Towards Resolving Optimization Conflicts Between Image- and Text-Based Person Re-Identification
Title: Mitigating Optimization Friction in Multimodal Person Re-Identification
Abstract:
The simultaneous optimization of image-to-image (I2I) and text-to-image (T2I) person re-identification (ReID) is frequently impeded by significant modality gaps and contradictory training goals, which ultimately result in inferior shared representations. While I2I ReID prioritizes identity-level invariance across various images of the same individual, T2I ReID relies on instance-specific textual descriptions that correspond to distinct visual characteristics. This study investigates the core distinctions between these two ReID tasks and their respective optimization mechanisms to facilitate more effective training. Because I2I and T2I ReID are typically examined in isolation, the loss functions tailored for one retrieval mode can inadvertently degrade the representation quality essential for the other.
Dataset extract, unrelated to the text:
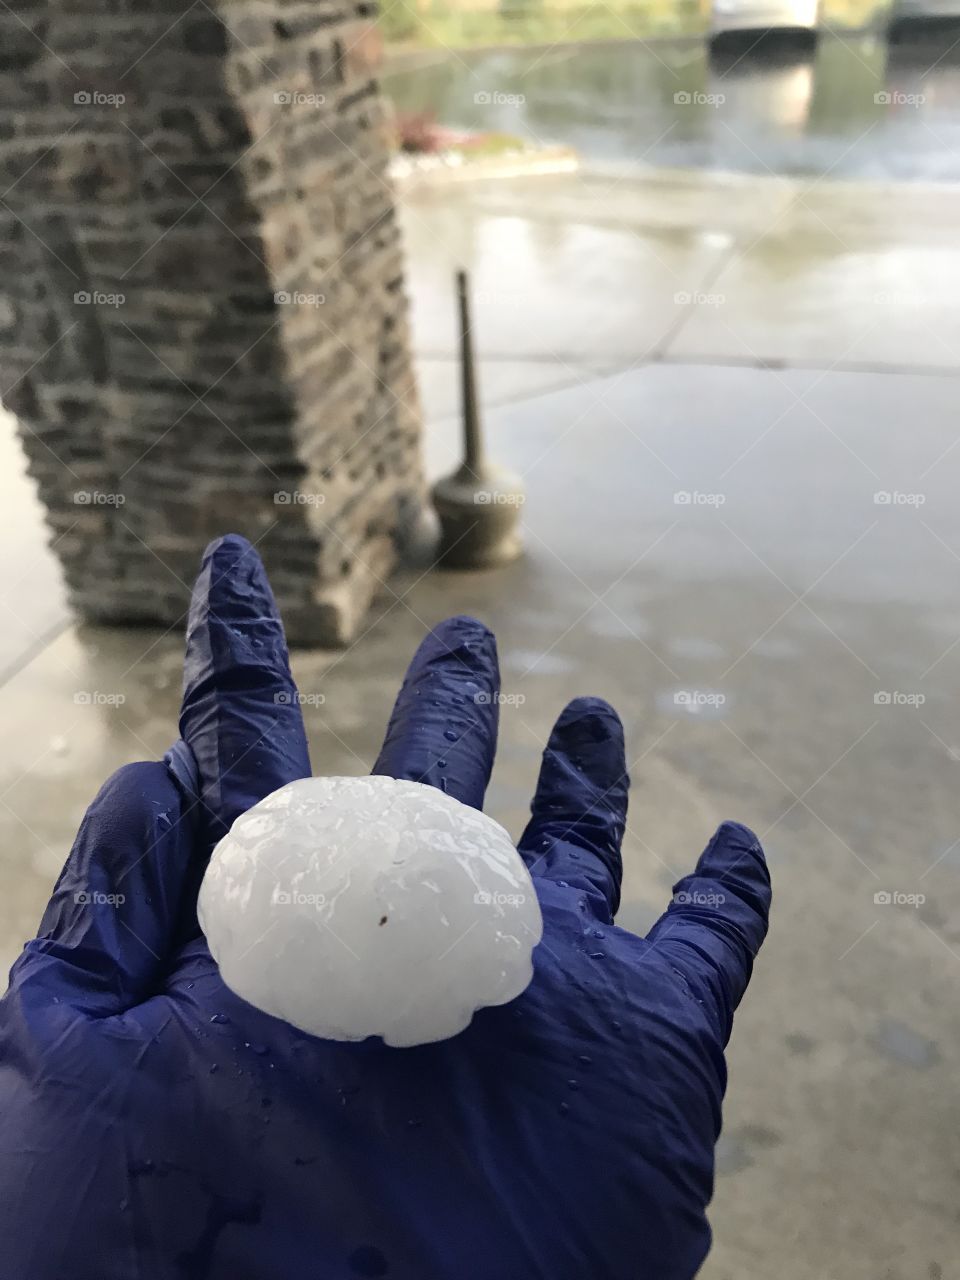 Giant hailed in boulder Colorado today

In response to these challenges, we introduce a decoupled, two-stage training framework designed to learn a unified representation across both image and text modalities. This approach utilizes a single vision encoder capable of handling both I2I and T2I retrieval tasks while preventing interference between them during the training phase. We conducted comprehensive experiments involving various configurations, including different domain mixing methods, learning strategies, and task objectives. Our results indicate that pre-training with I2I ReID significantly improves generalization capabilities when applied to T2I data. Furthermore, we discovered that integrating textual supervision during the vision encoder’s training phase boosts performance for both I2I and T2I tasks. We argue that these findings offer a substantial advancement toward the development of unified ReID systems and broader cross-modal retrieval solutions.